INFORMATION GIVEN
******************************
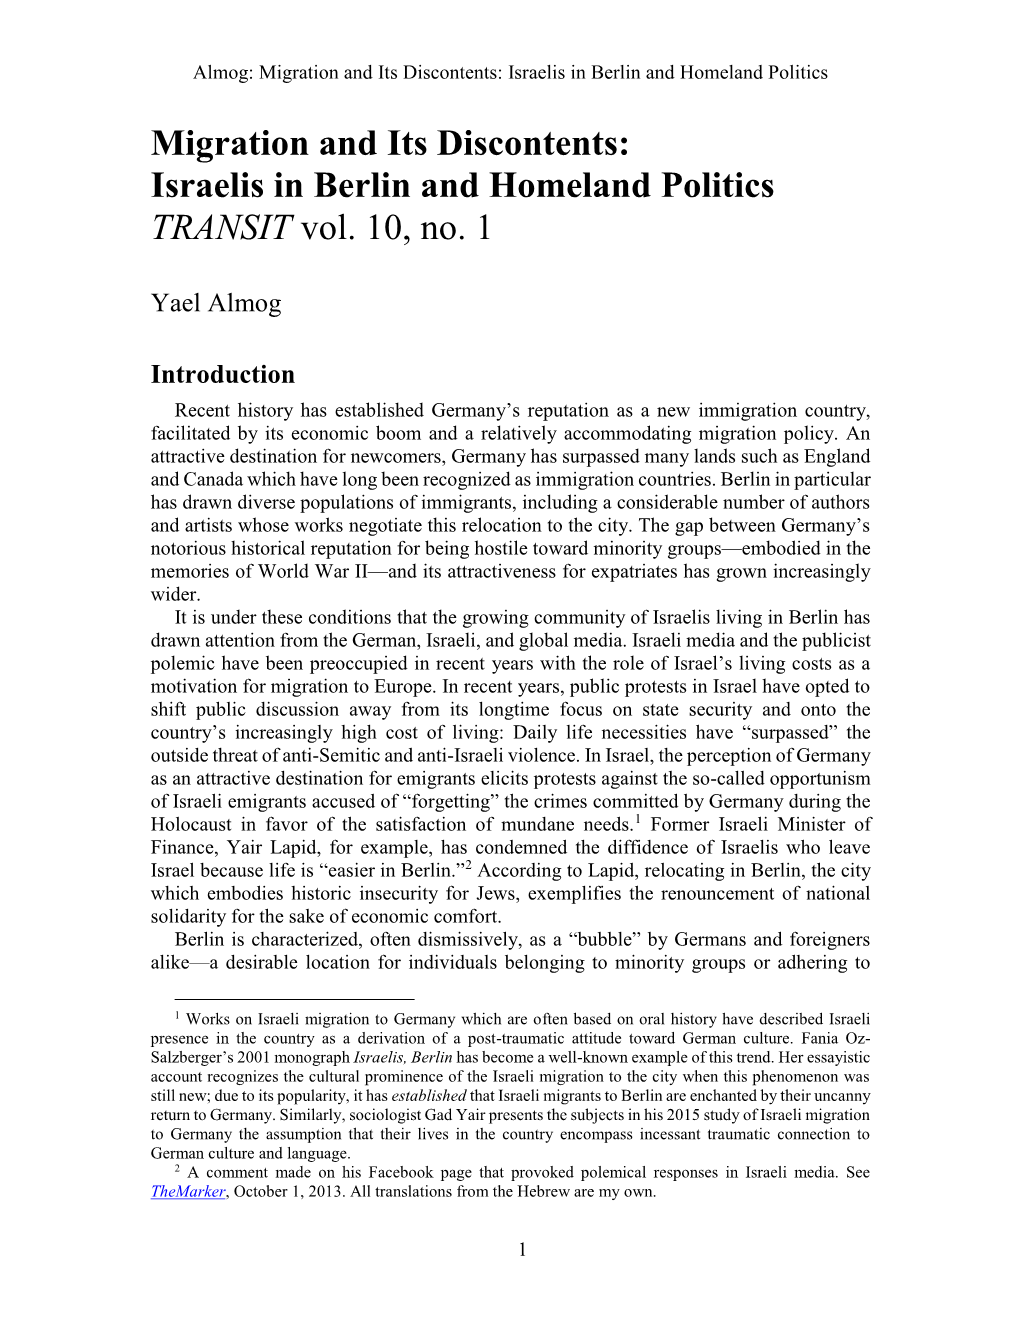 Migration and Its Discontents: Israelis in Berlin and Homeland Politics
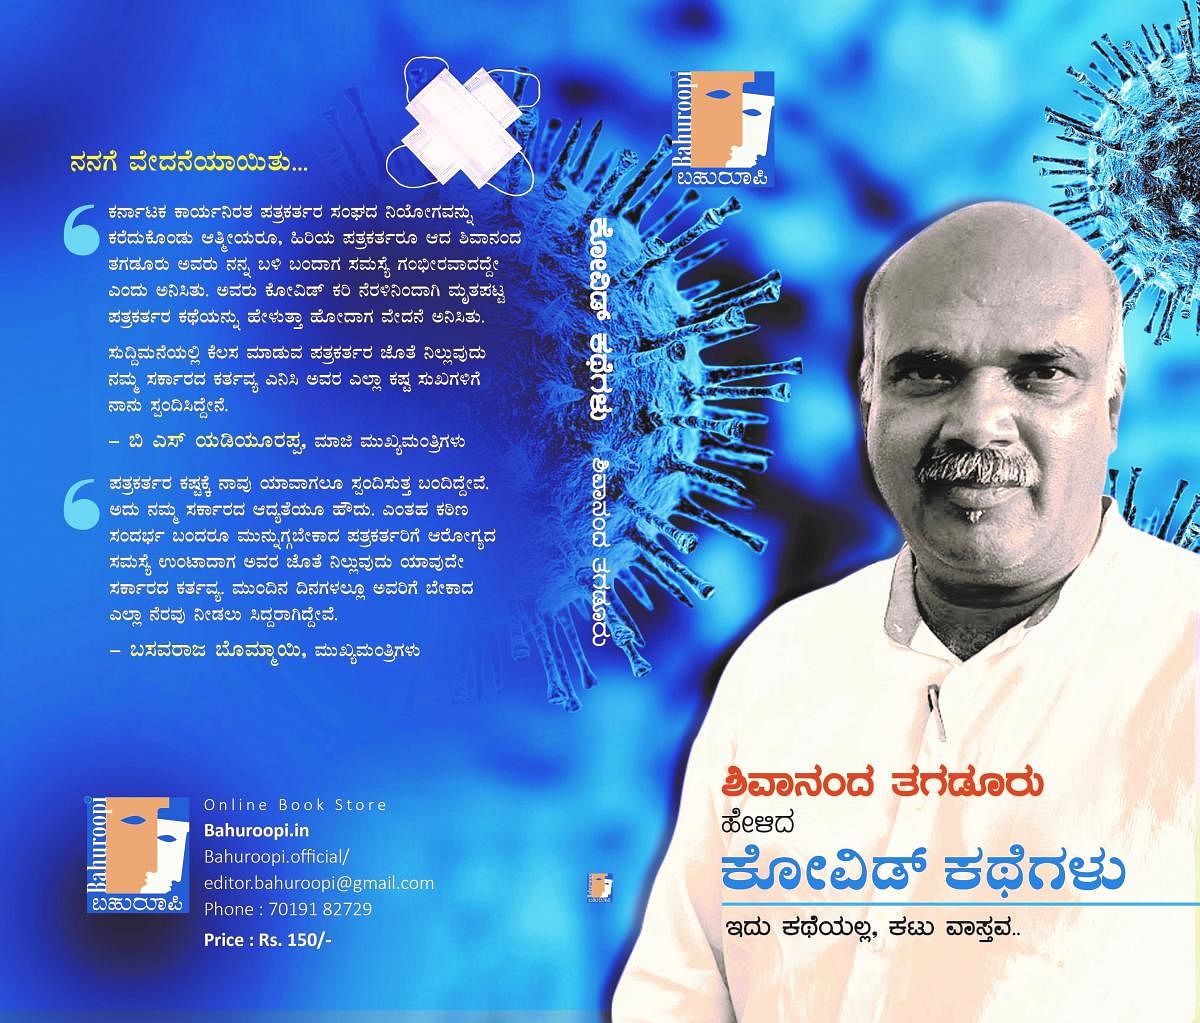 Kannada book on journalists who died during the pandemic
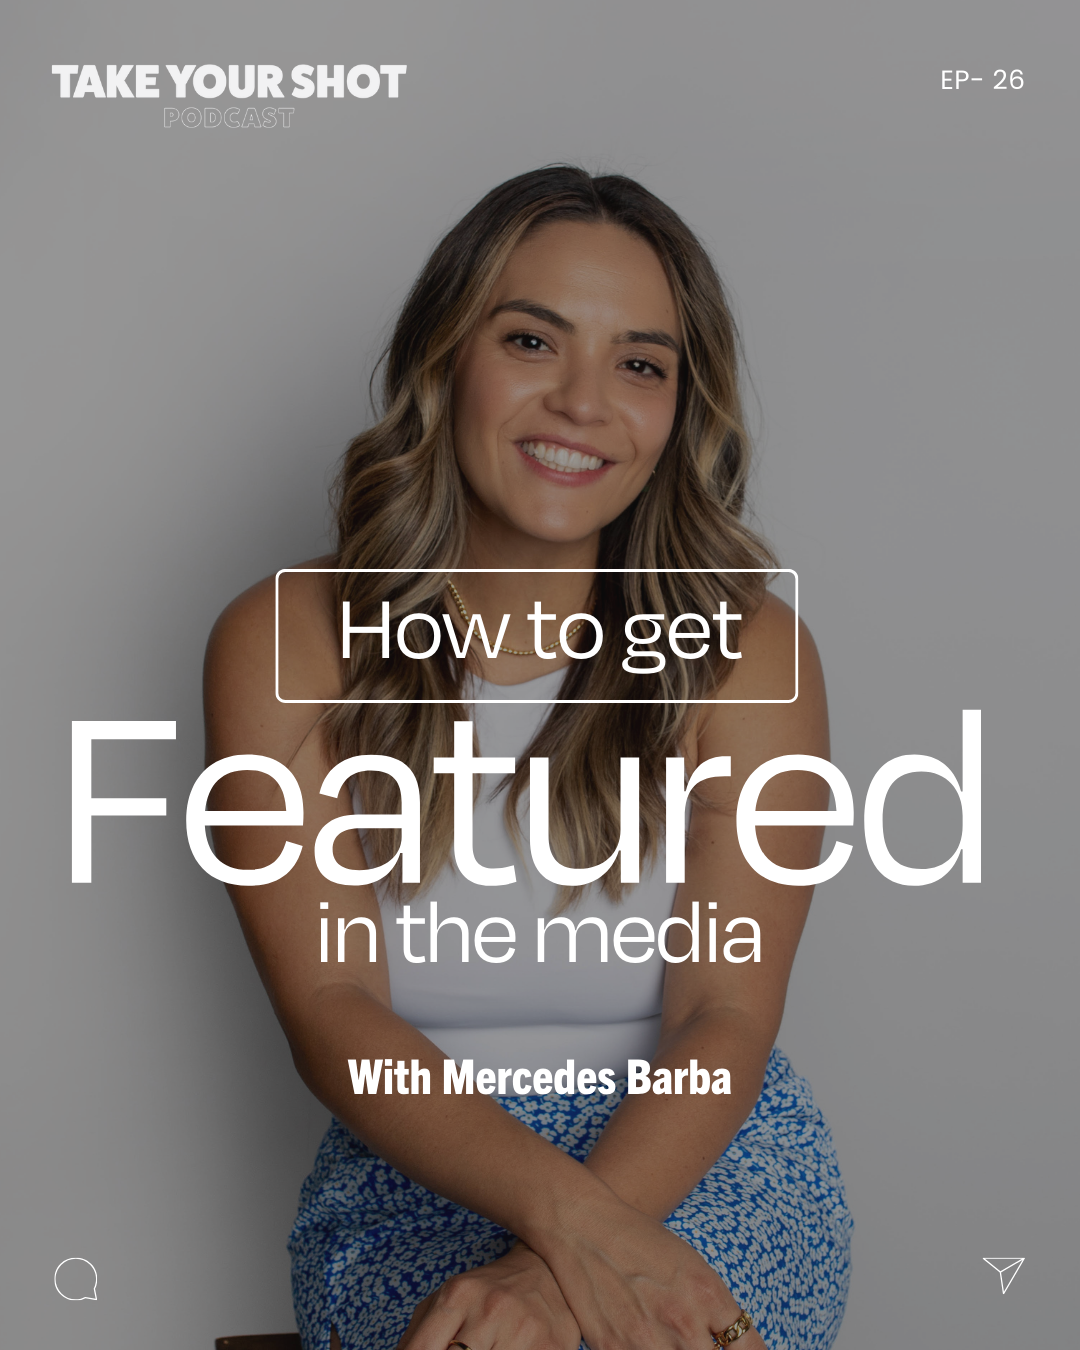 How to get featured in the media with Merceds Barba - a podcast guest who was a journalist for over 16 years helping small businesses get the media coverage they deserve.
******************************
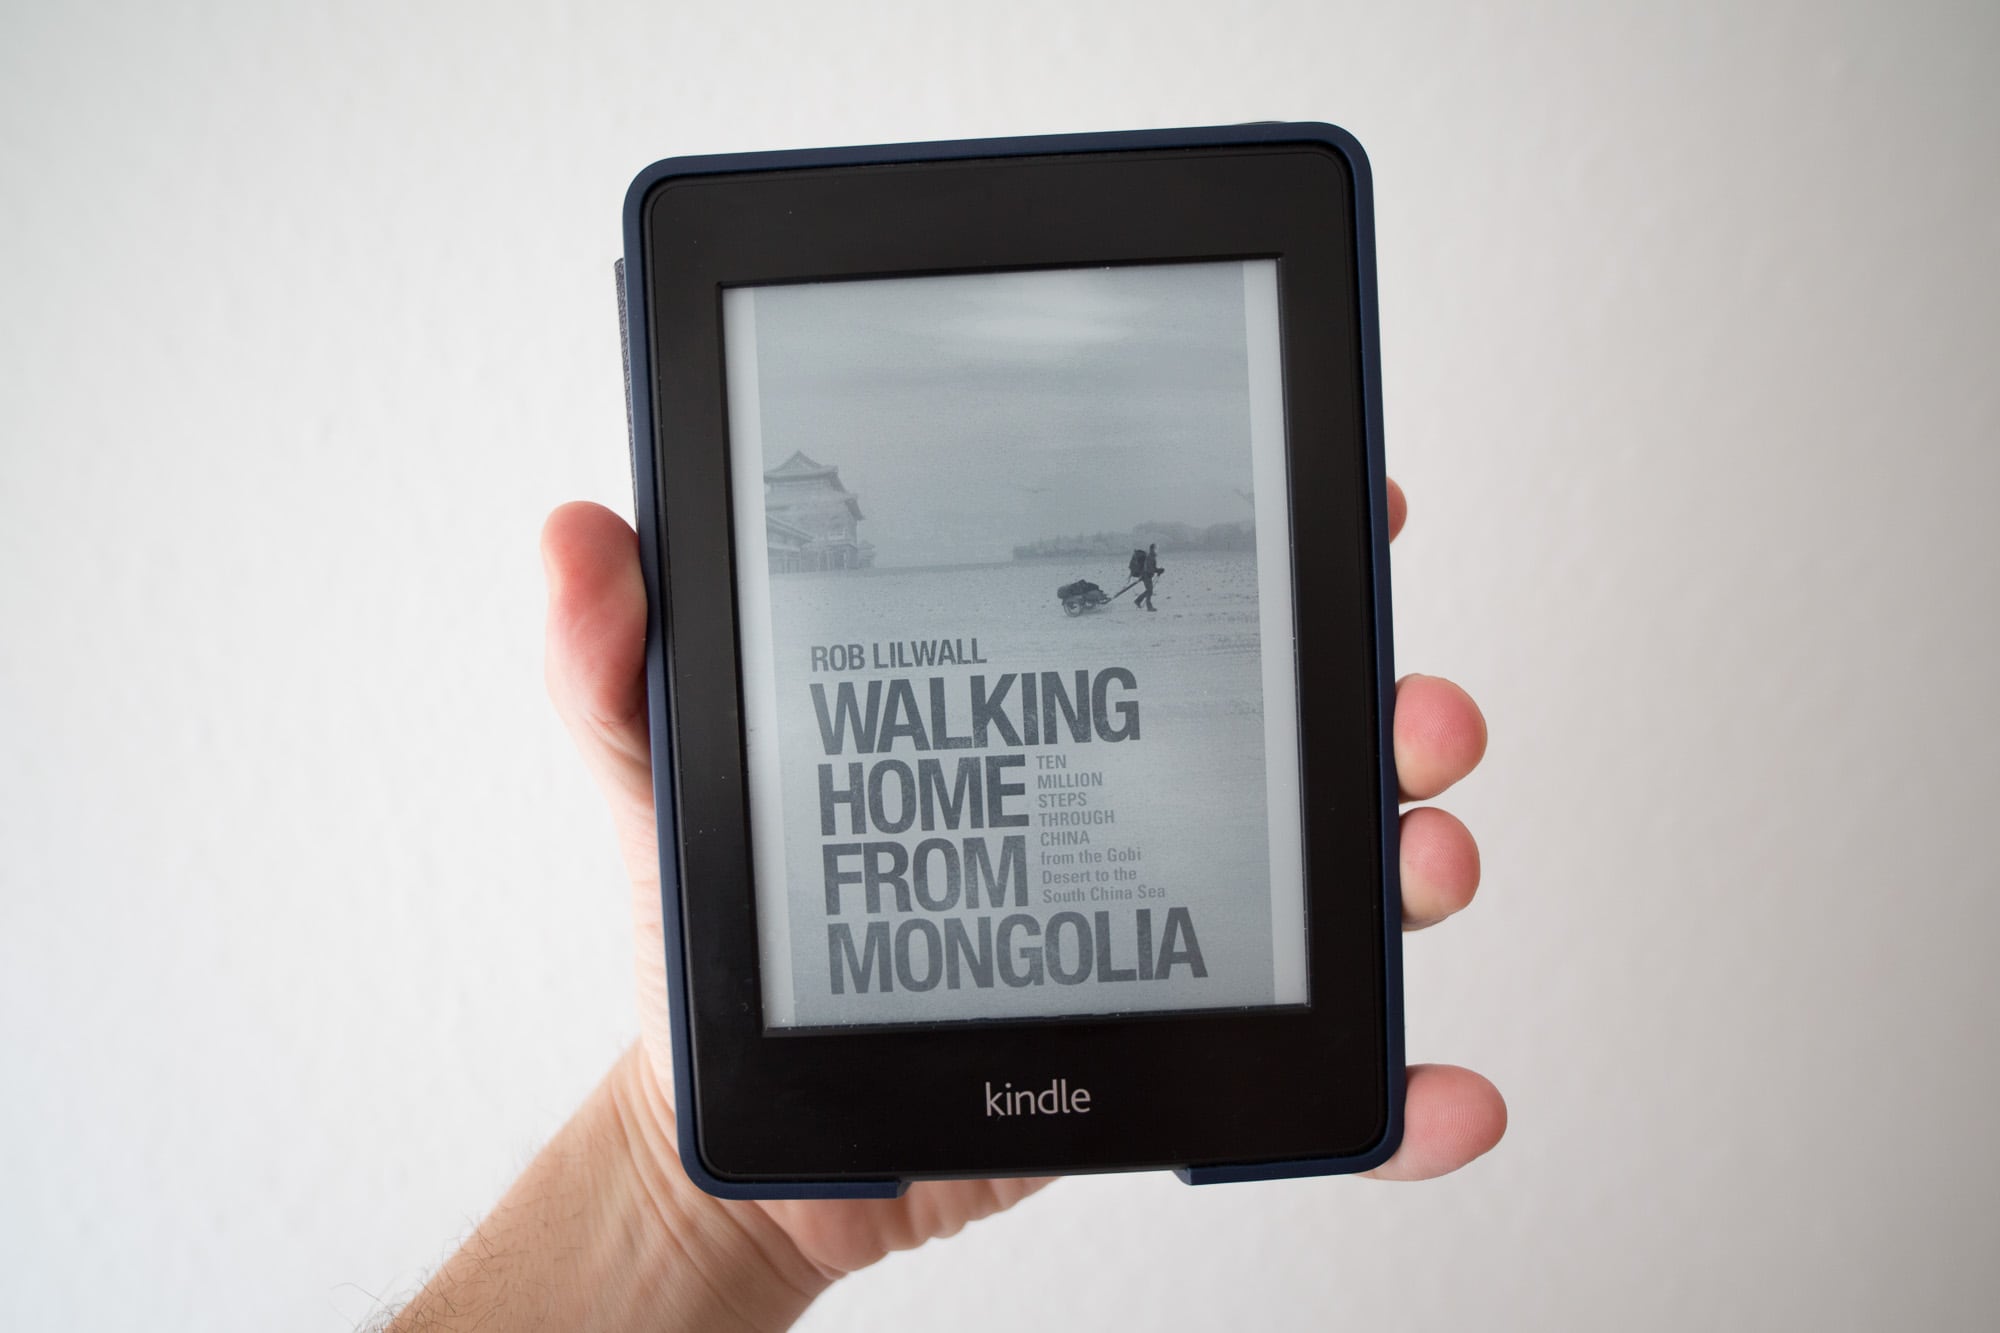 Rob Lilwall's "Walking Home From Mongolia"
******************************
TASK ITEM
Copy out the lines above from the line containing "Migration and Its" through the line containing "How to get featured", exactly, and keep the pictures out.

WRITTEN RESPONSE
 Migration and Its Discontents: Israelis in Berlin and Homeland Politics
 Kannada book on journalists who died during the pandemic
 How to get featured in the media with Merceds Barba - a podcast guest who was a journalist for over 16 years helping small businesses get the media coverage they deserve.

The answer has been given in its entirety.